2. What information did police have that kept them connected to the case after the body was found?

After the body was found, the police were able to track down the killer because the money used to pay the ransom was marked. The money was paid in gold certificates and the Federal Reserve ordered that all banks turn in the gold certificates and take them out of circulation. Every bank in the area had the serial numbers for the gold certificates that made up the ransom.

3. What importance did the ladder hold?

The ladder used to climb to the second floor of the Lindbergh’s nursery was a key piece of evidence in finding the kidnapper. This ladder was homemade by the kidnapper and was one of a kind. Once the police arrested Hauptmann, they searched his house and found a blueprint of the ladder and found a piece of wood that was the same type used to make the ladder.

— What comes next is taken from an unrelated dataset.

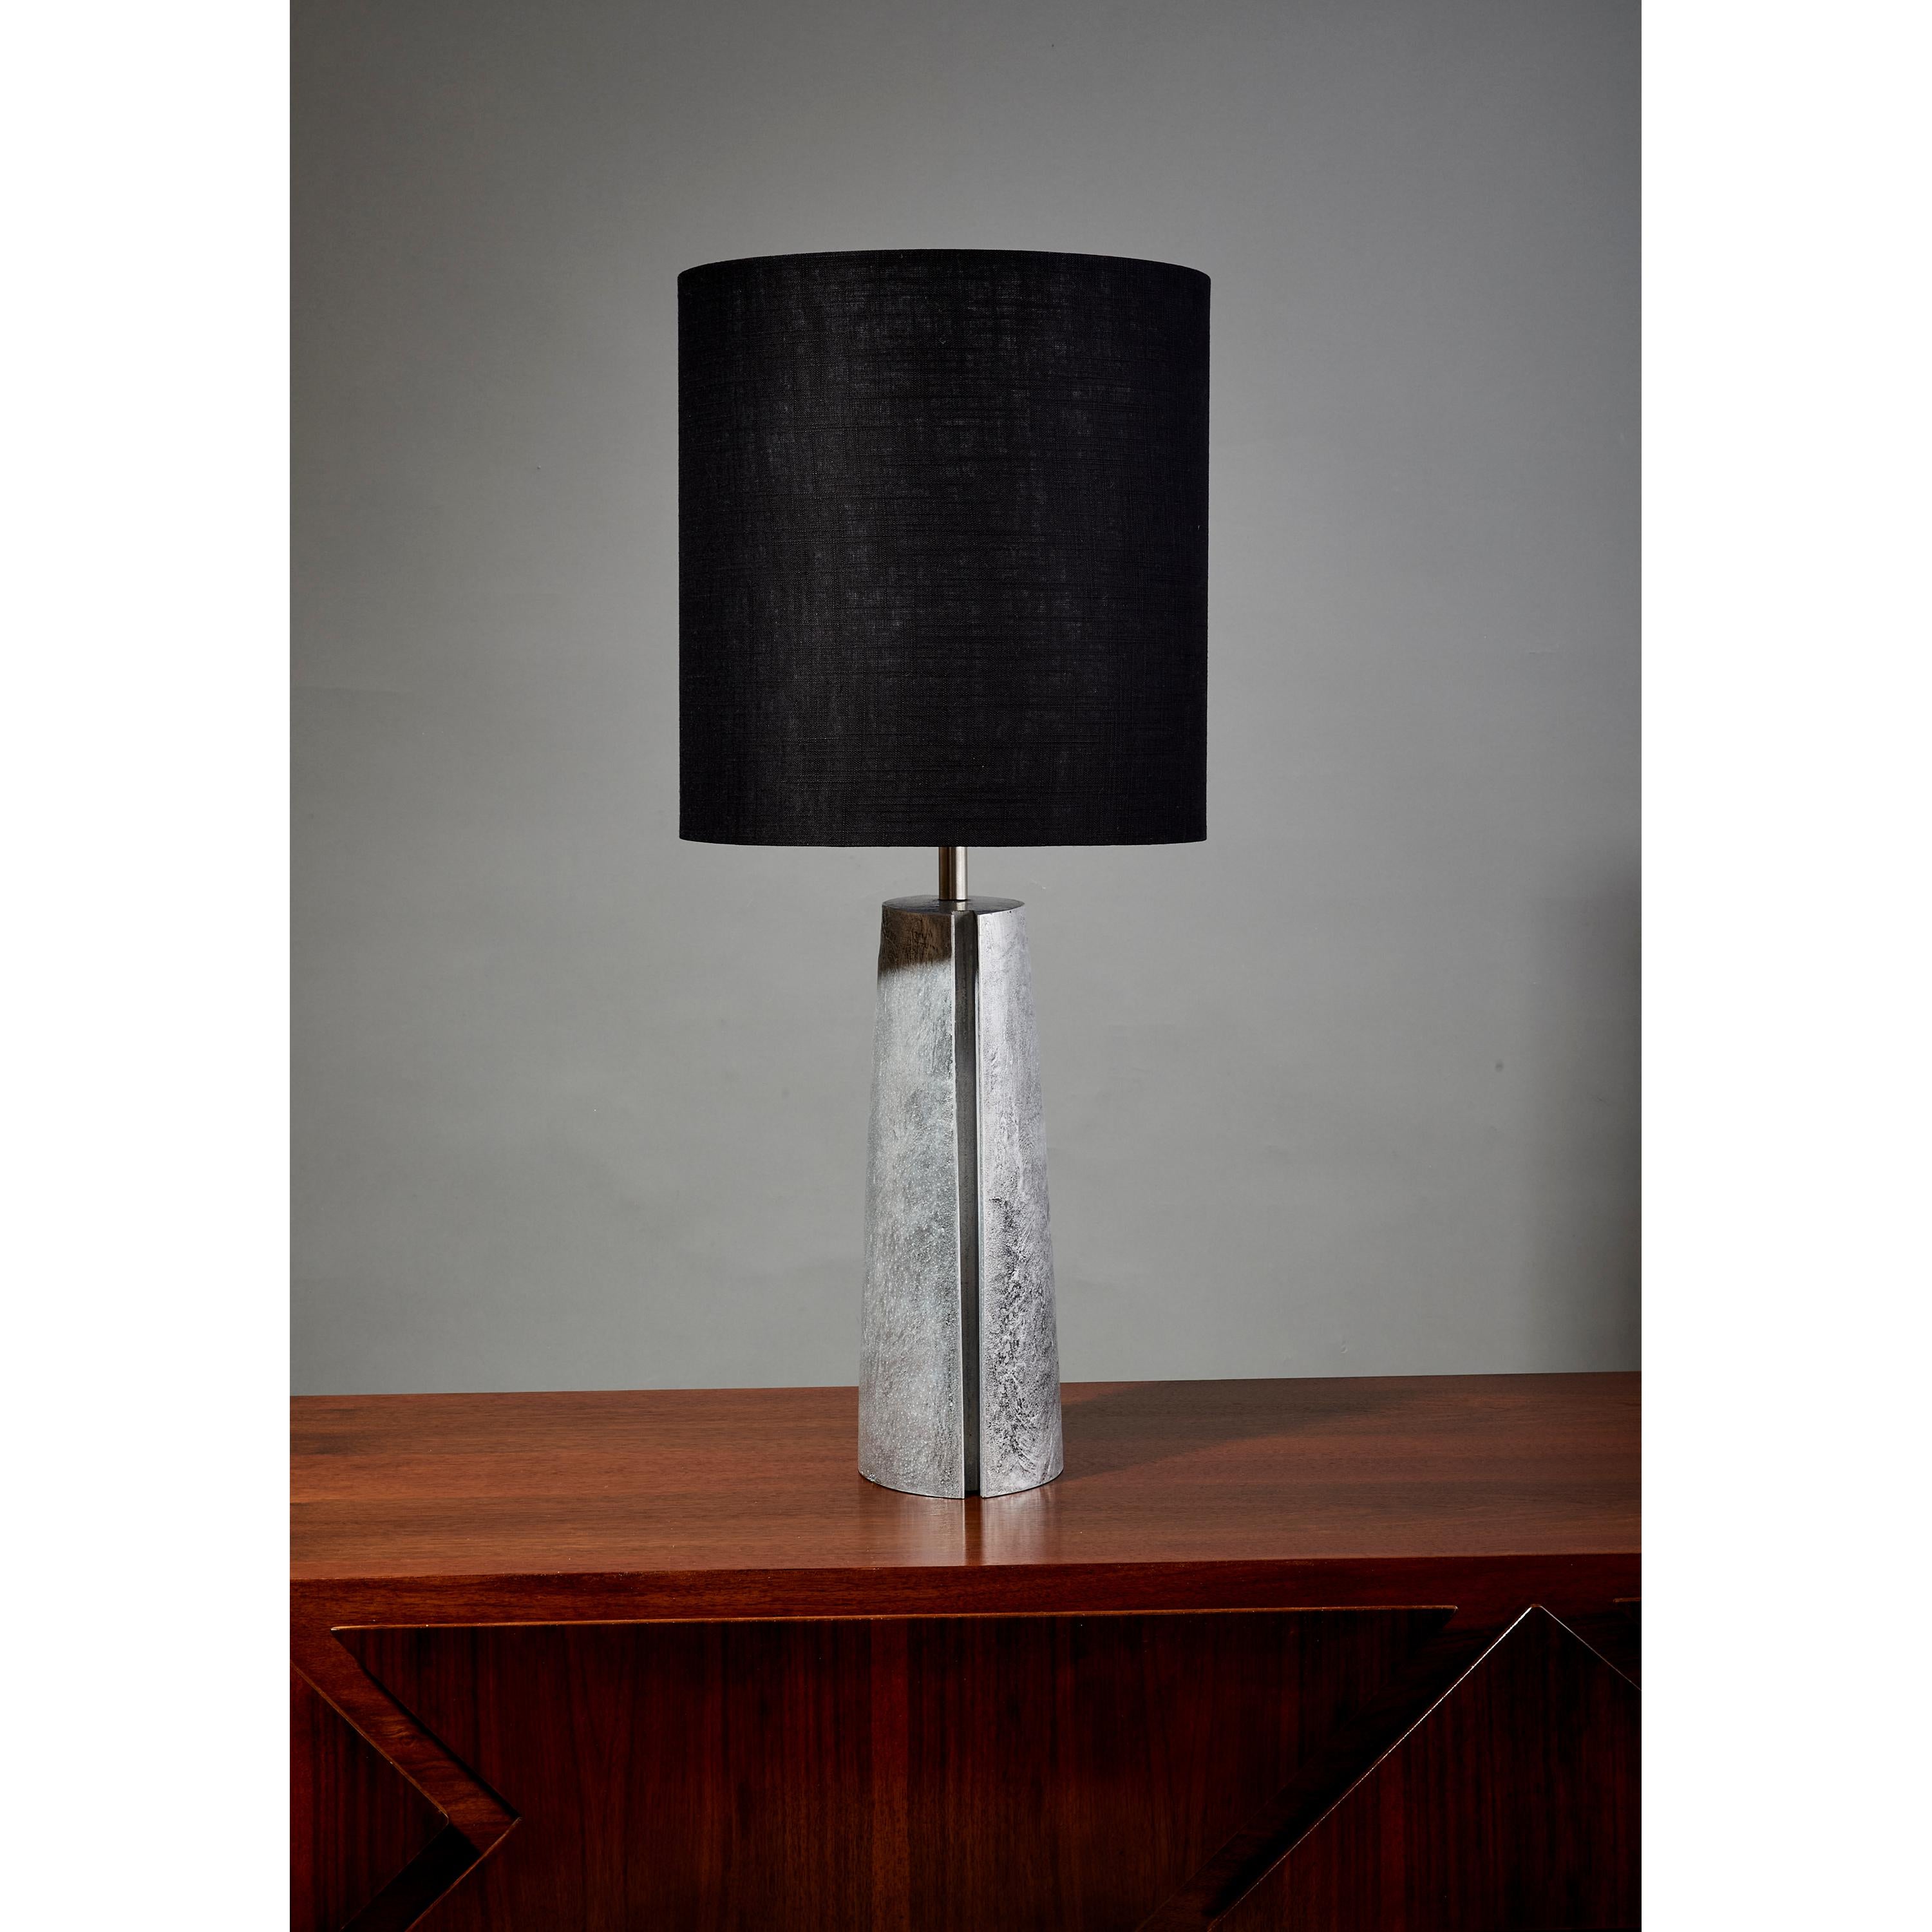 Italian Brutalist Table Lamp in Silver Textured Aluminium with Black Shade, Italy 1970's For Sale
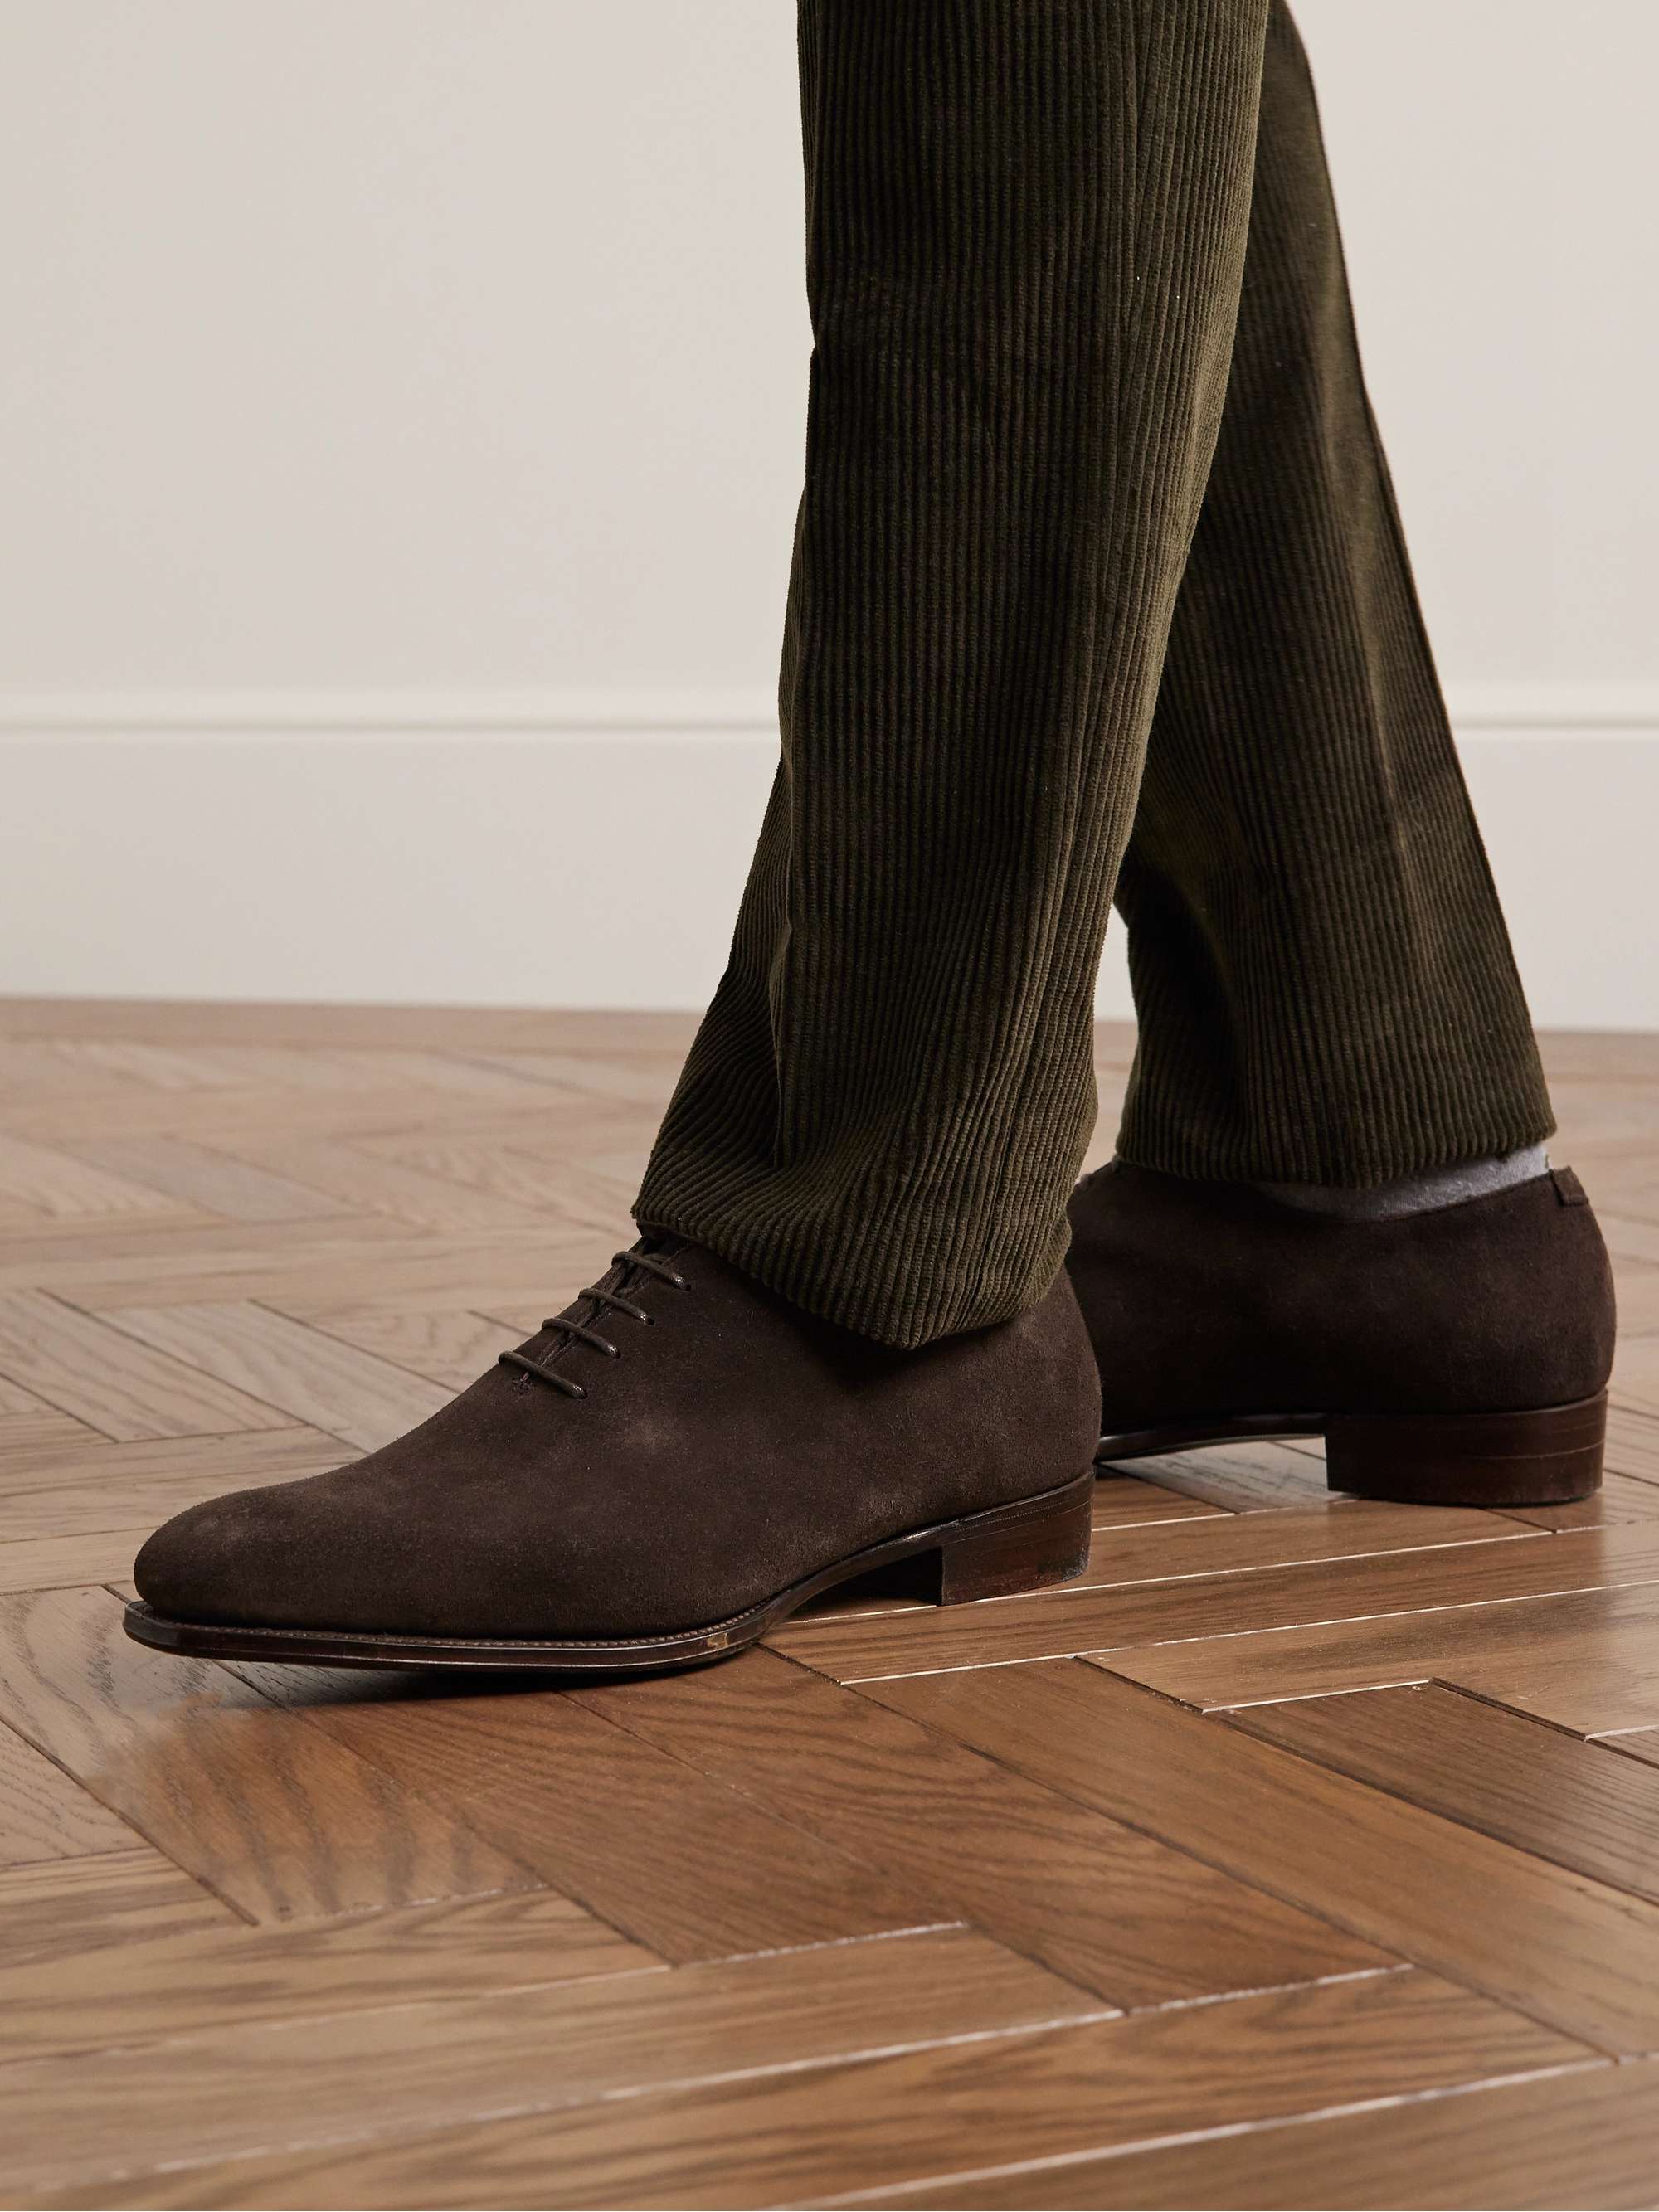 GEORGE CLEVERLEY Merlin Whole-Cut Suede Oxford Shoes

4. What other evidence pointed specifically to Hauptmann?

The other evidence that pointed to Hauptmann were the handwritten ransom notes. The police made Hauptmann write something out and compared his handwriting to the ransom notes and they matched. There was a chisel found outside the Lindbergh’s house and it belonged to Hauptmann and was missing from his toolbox. Condon was able to identify Hauptmann as the man in the cemetery who called himself John who picked up the ransom money. This evidence all pointed to Hauptmann.

5. How did the case end: was anybody found guilty of the crime? What was the sentence for the crime?

The case went to court and Hauptmann pleaded he wasn’t guilty. The jury found him guilty and he was sentenced to death. He died a few years later in prison from the electric chair.